Un article de Wikipédia, l'encyclopédie libre.
Aller à : navigation, rechercher

Phodopus roborovskii

Le Hamster de Roborovski (Phodopus roborovskii), ou Hamster nain de Roborovski, parfois orthographié Roborowski[1], est une espèce de mammifères rongeurs de la famille des Cricetidae. C'est un hamster nain qui a été découvert par Konstantin Satunin en 1903 dans les steppes et les zones désertiques de Mongolie et du nord de la Chine. C'est un micromammifère craintif qui est parfois élevé en captivité dans les laboratoires ou comme animal de compagnie.

Nomenclature et systématique[modifier | modifier le code]

L’animal doit son nom à un explorateur, le géographe Vsevolod Ivanovitch Roborovski (1856-1910), qui a notamment collaboré avec le naturaliste Nikolaï Mikhaïlovitch Prjevalski.
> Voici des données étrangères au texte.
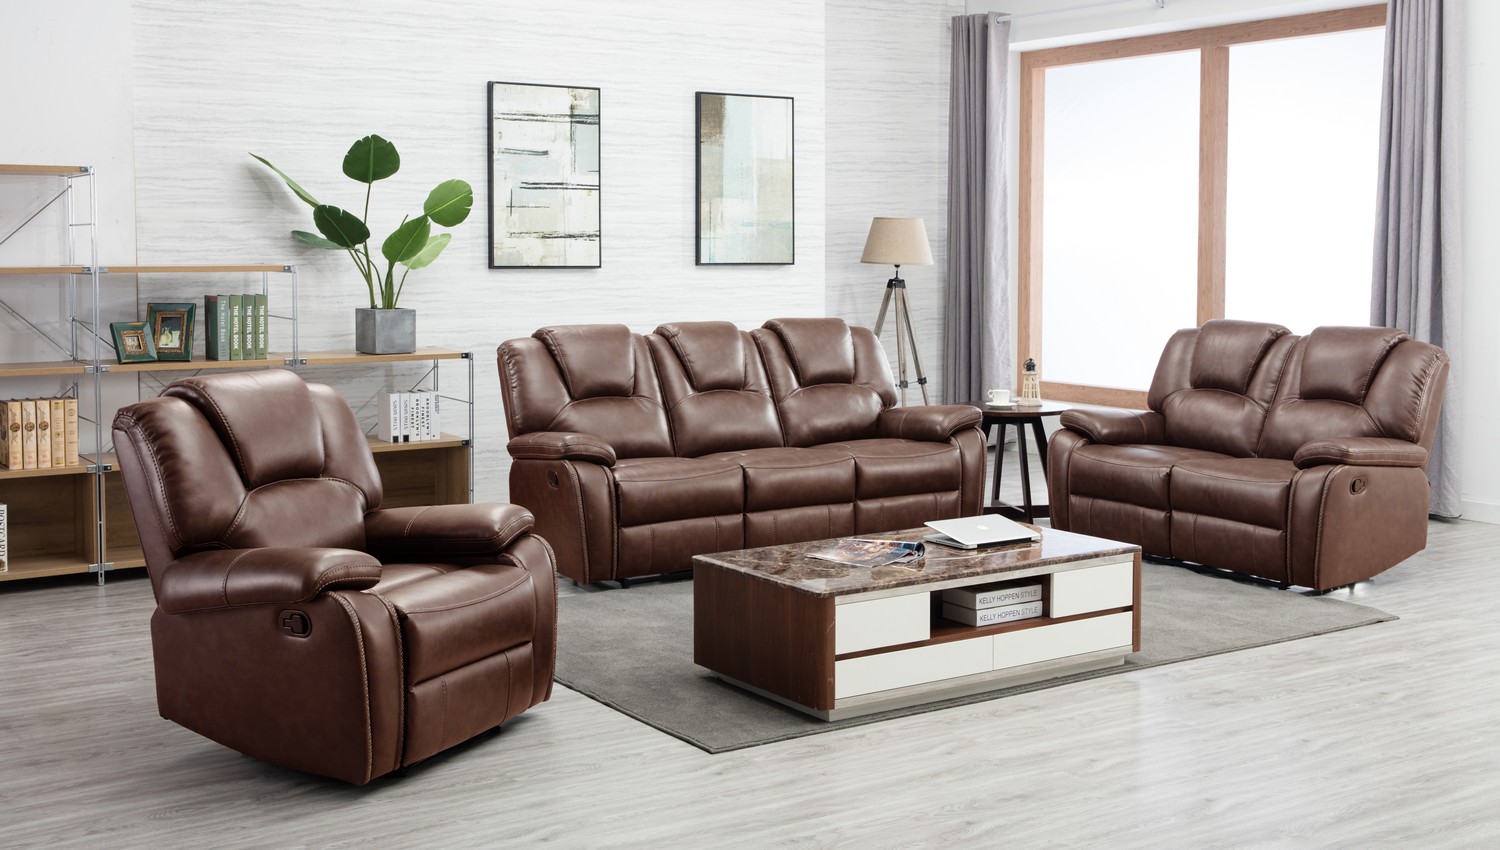 84" X 38" X 40" Modern Brown Leather Sofa Set

Les noms binomiaux synonymes de Phodopus roborovskii sont P. bedfordiae, P. praedilectus, P. przewalskii[2].

Caractéristiques[modifier | modifier le code]

Le poids de cette espèce varie significativement en fonction des saisons. Il diminue en septembre, atteignant 17 g pour les femelles et 19 g pour les mâles. Il augmente en décembre pour atteindre son maximum à la fin du printemps. Les femelles pèsent alors 21 g et les mâles 27 g en moyenne. Il s'agit de la plus petite espèce de hamster au monde, l'adulte mesure entre 5,3 et 8,1 cm de long. La queue mesure de 7 à 11 mm[2].

Comme tous les hamsters nains, le Hamster de Roborovski a quatre doigts aux pattes antérieures, et possède des abajoues, qui lui permettent principalement de transporter de la nourriture. Il possède une ouïe fine et un odorat très développé.

Aspect physique[modifier | modifier le code]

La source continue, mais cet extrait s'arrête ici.